Por isso, cobra ainda mais força a ideia de uma aldeia pequena. Ora, foi pequena durante tanto tempo? Quem hoje olhe para Vigo e pense nos seus trezentos mil habitantes terá as suas dúvidas. Porém, se na época romana se manteve como um núcleo desprezível em comparação com outros lugares da zona com mais pujança, essa tendência poderia muito bem ter-se mantido durante a Idade Meia, contando com o retraimento da população para zonas mais no interior, fugindo das constantes incursões germânicas por mar. Com efeito, por volta dos s. XI e XII, os maiores povoamentos dão-se em lugares não estritamente costeiros que coincidem aproximadamente com os atuais Bemvrive, Corujo, Castrelos, Valadares, Sárdoma, Fragoso e Lavadores. Pois, não será até ao s. XII que a área viguesa comece a recuperar população. Inclusive no s. XV as ribeiras da Ria de Vigo estão longe de ter a pujança económica e demográfica, e é o de Erizana (atual Baiona) o porto mais importante. Como quer que fosse, a finais do s. XVI, Vigo contava, em toda a sua extensão, com pouco mais de 800 vizinhos. Já não se tratava, certamente, de um vicus. Mas, para então, o topónimo tinha já tido tempo suficiente para assentar-se fortemente.
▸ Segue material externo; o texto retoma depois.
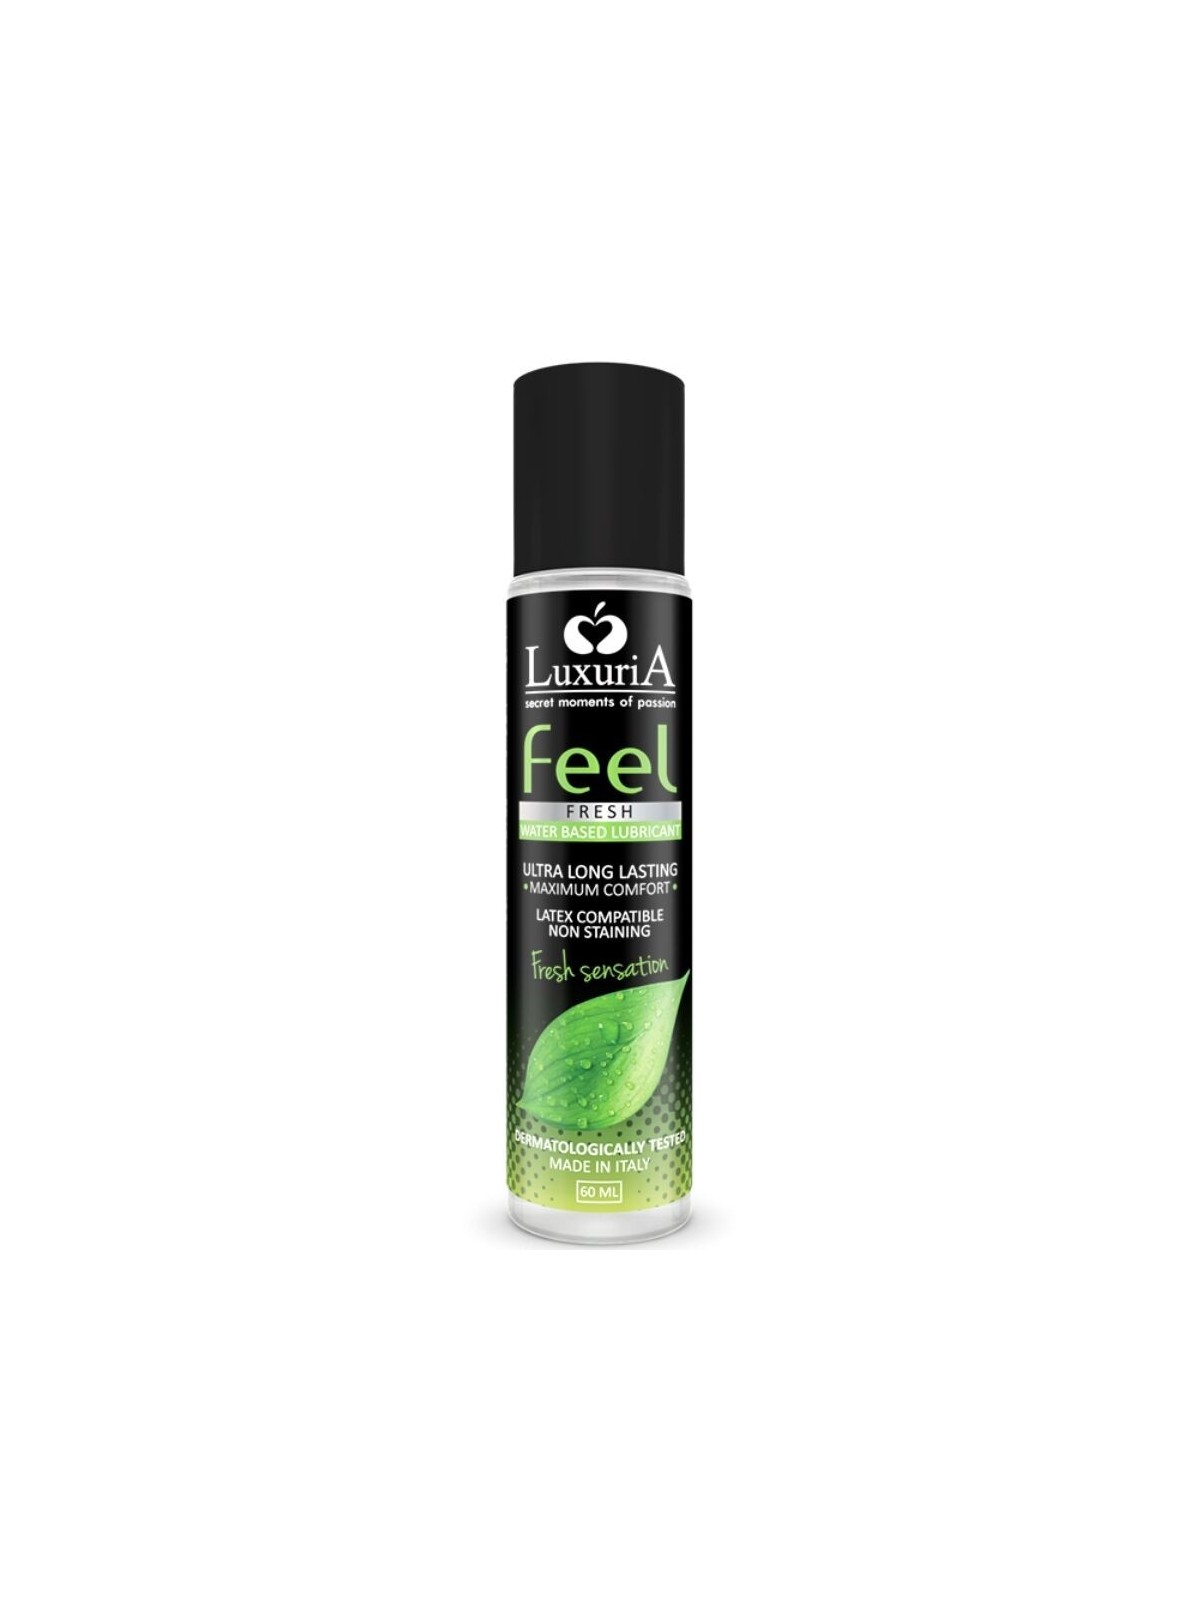 Luxuria Feel Fresh Sensation Lubricante Efecto Frio 60 ml - Comprar Gel efecto frío Luxuria - Lubricantes efecto frío (1)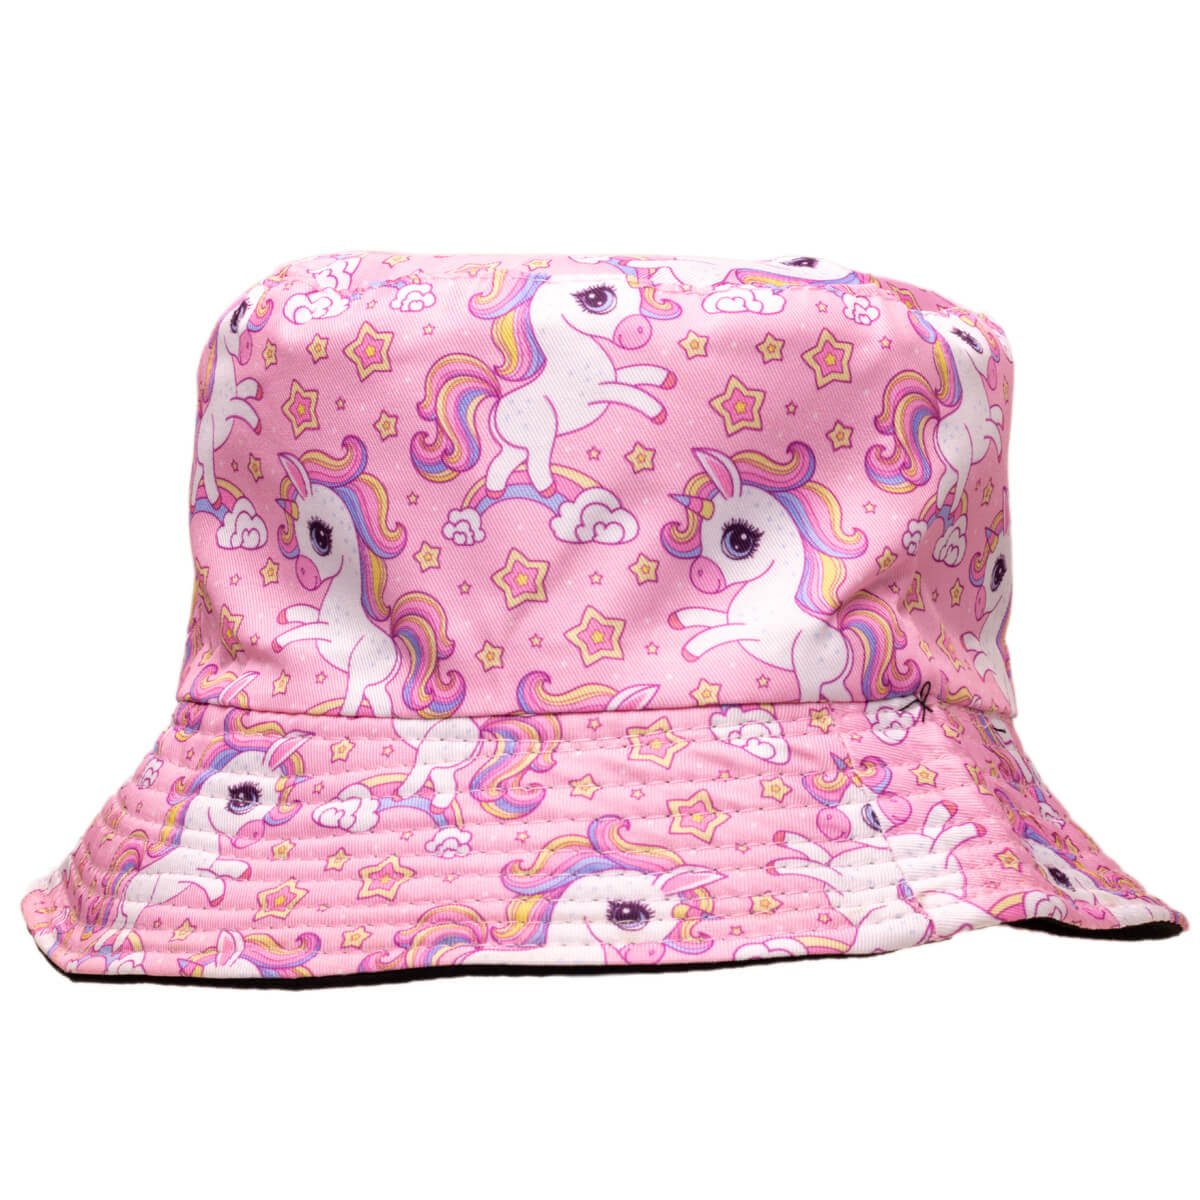 Children's summer hat - unicorn fishing hat for kids 12,99€

A revolução demográfica em Vigo não se produziria, em qualquer caso, até o s. XVIII com a chegada das indústrias pesqueiras catalãs e, posteriormente, na década de 1960, com a multiplicação da sua potência industrial (zona franca), combinada com o seu já poderoso porto, que hoje é o primeiro porto do mundo por comercialização de peixe. Todo isso saído de um vicus, uma aldeínha até quase sem nome, que teve diversas réplicas por todo o território latino. Com vicus temos também, na Galiza, outros casos bem mais humildes: vários Vigo, Bico, Viqueira (ou Biqueira) e Vigueira, um Ouvigo (o + Vigo ?), um Vigobom e um Vigovidim; na Espanha e na Itália há vários Vigo; e na Catalunha há um Vic, presente também na França, que, por sua vez, possui ainda um Vichy, um Vy, e um Vicq. E, contudo, nenhum deles teve essa "sorte" (entre aspas, considerando a desfeita ambiental, urbanística e paisagística que sofre Vigo) evolutiva que torna tão especial o principal Vigo da Galiza.